Dark Matter Detection With Electron Neutrinos in Liquid Scintillation Detectors
Jason Kumar, John G. Learned, Michinari Sakai, Stefanie Smith

TL;DR
This paper explores how liquid scintillation detectors like KamLAND can detect electron neutrinos from dark matter annihilation in the sun, offering new sensitivity to dark matter properties and potential confirmation of existing signals.
Contribution
It demonstrates that KamLAND can significantly improve constraints on dark matter interactions using existing data, especially for low-mass dark matter particles.
Findings
KamLAND can probe dark matter-proton spin-dependent scattering below 20 GeV.
It can also test spin-independent scattering for isospin-violating dark matter below 10 GeV.
Existing data may confirm dark matter signals from DAMA and CoGeNT.
Abstract
We consider the prospects for liquid scintillation experiments (with a focus on KamLAND) to detect the flux of electron neutrinos arising from dark matter annihilation in the core of the sun.

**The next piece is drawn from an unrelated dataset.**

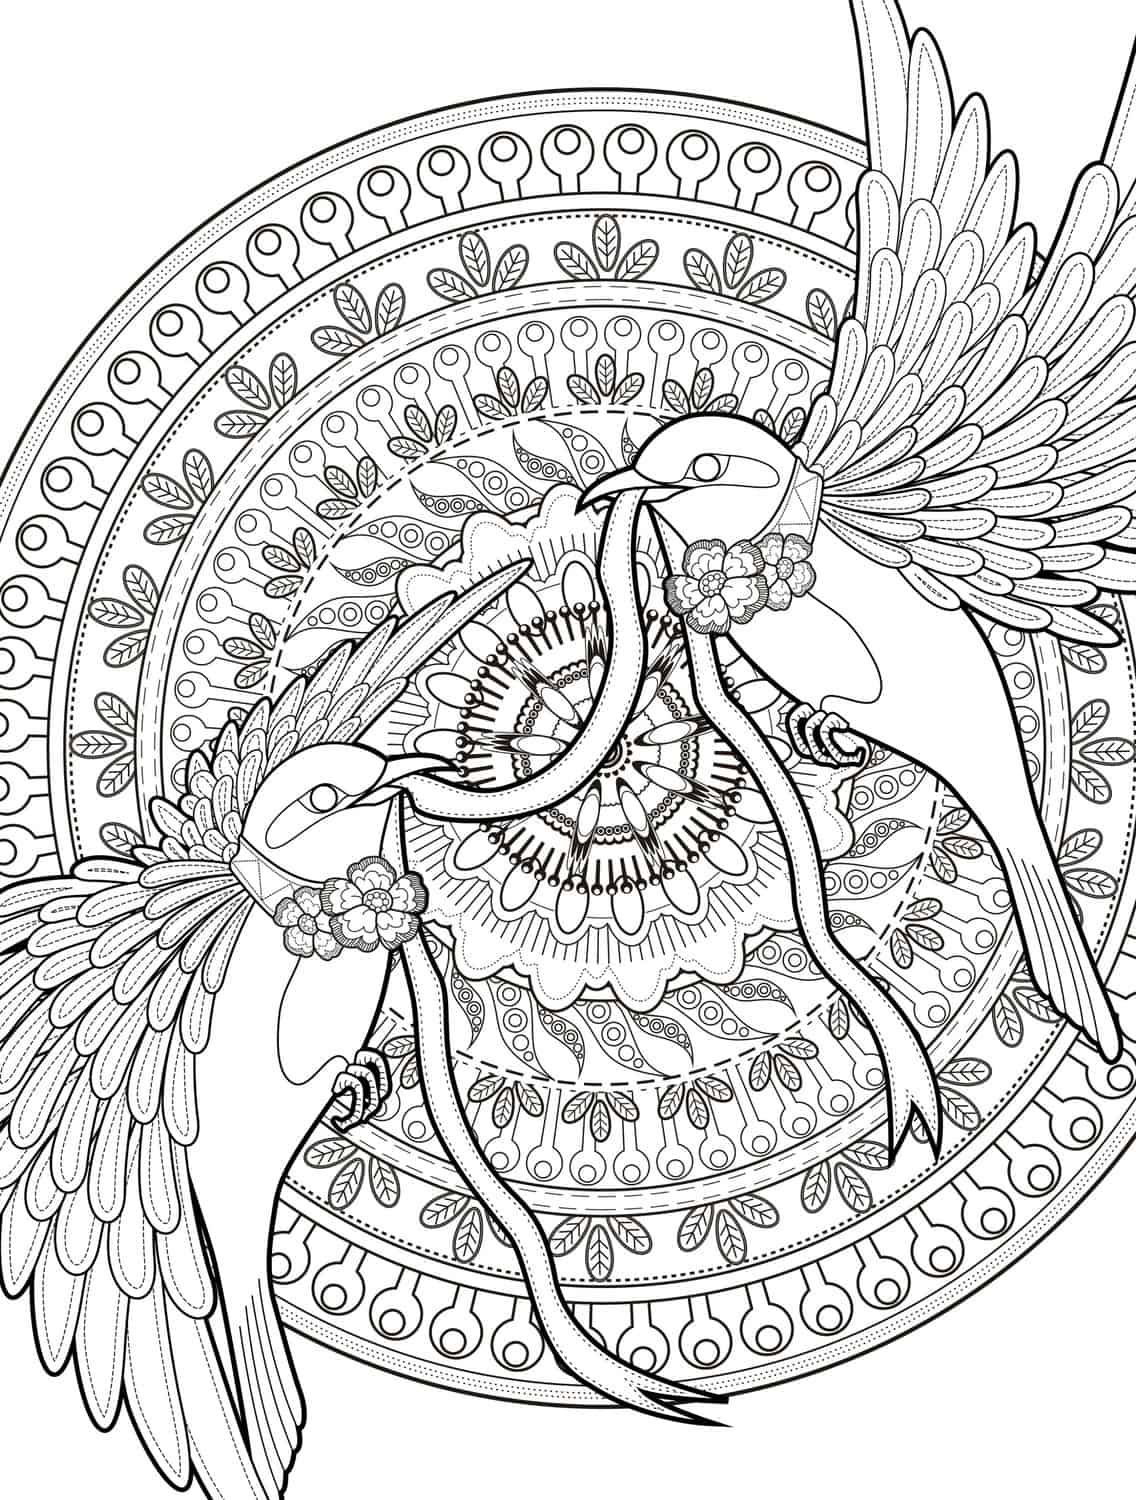 Free Printable Coloring Pages For Adults 2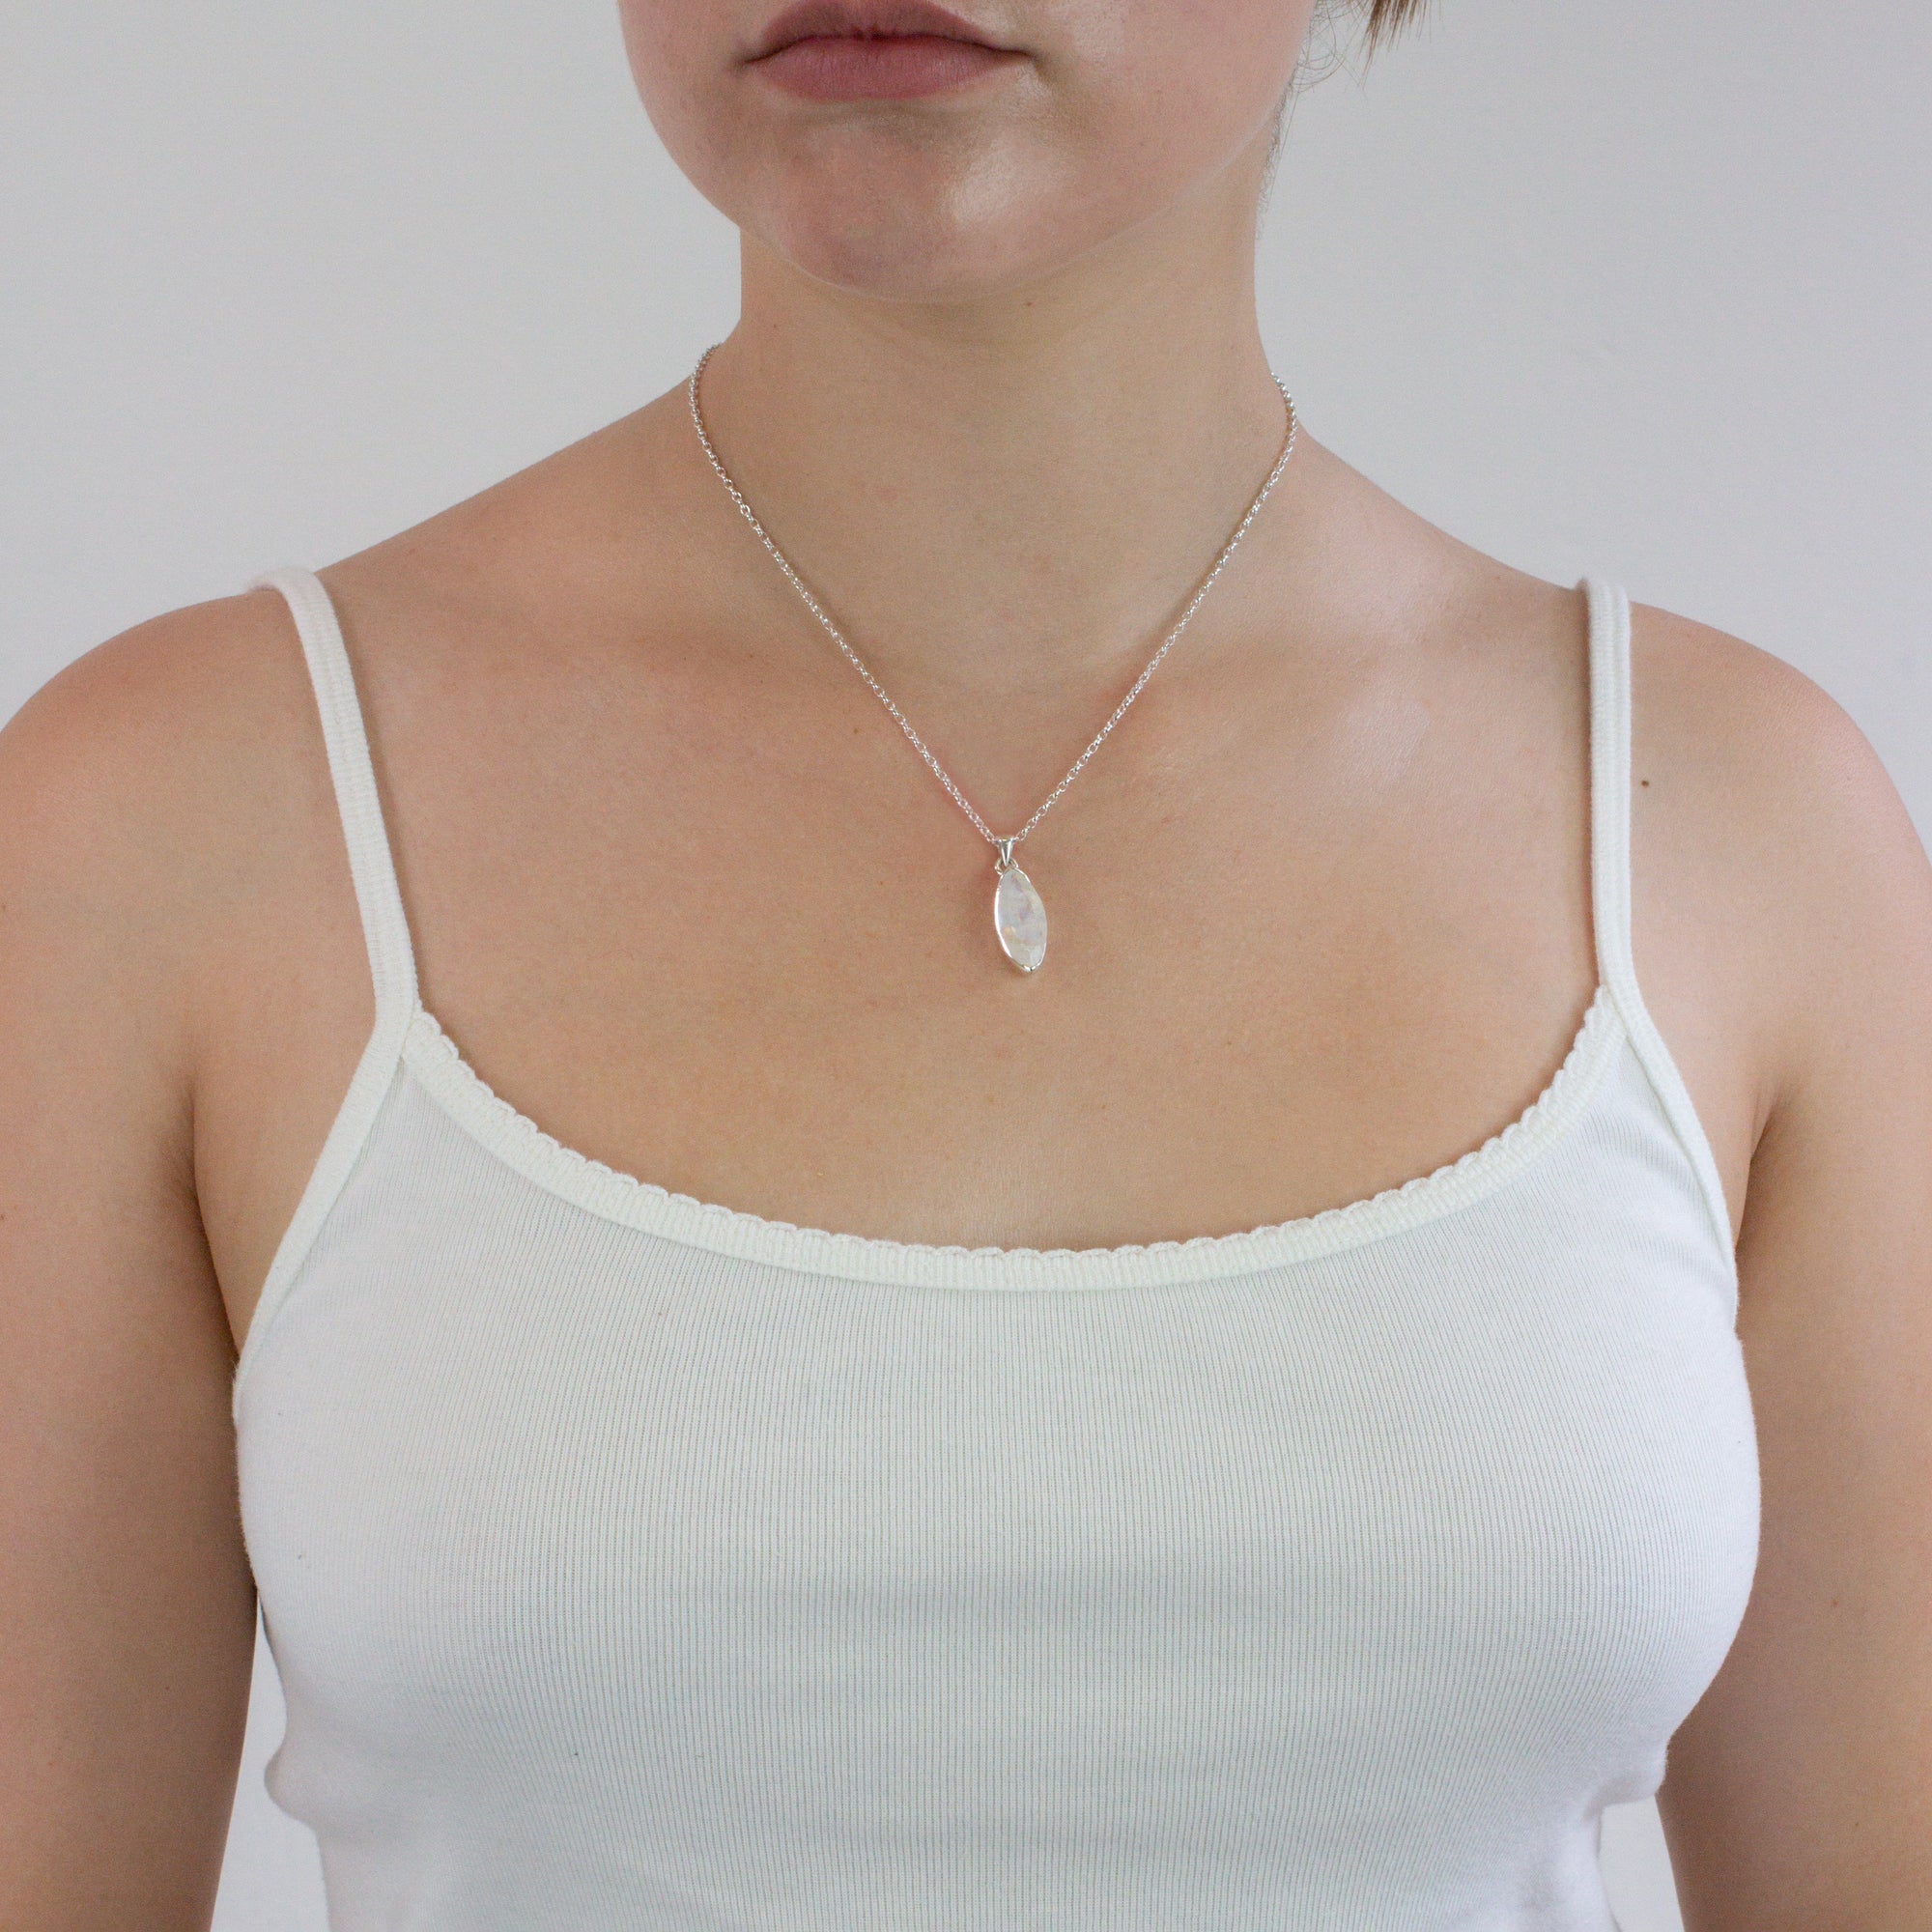 Faceted marquis Rainbow Moonstone necklace

We show that, with data already taken, KamLAND can provide the greatest sensitivity to the dark matter-proton spin-dependent scattering cross-section for dark matter lighter than 20 GeV. It is also possible to probe the dark matter-nucleon spin-independent scattering cross-section for isospin-violating dark matter lighter than 10 GeV. KamLAND can thus potentially confirm the dark matter interpretation of the DAMA and CoGeNT signals, utilizing data already taken.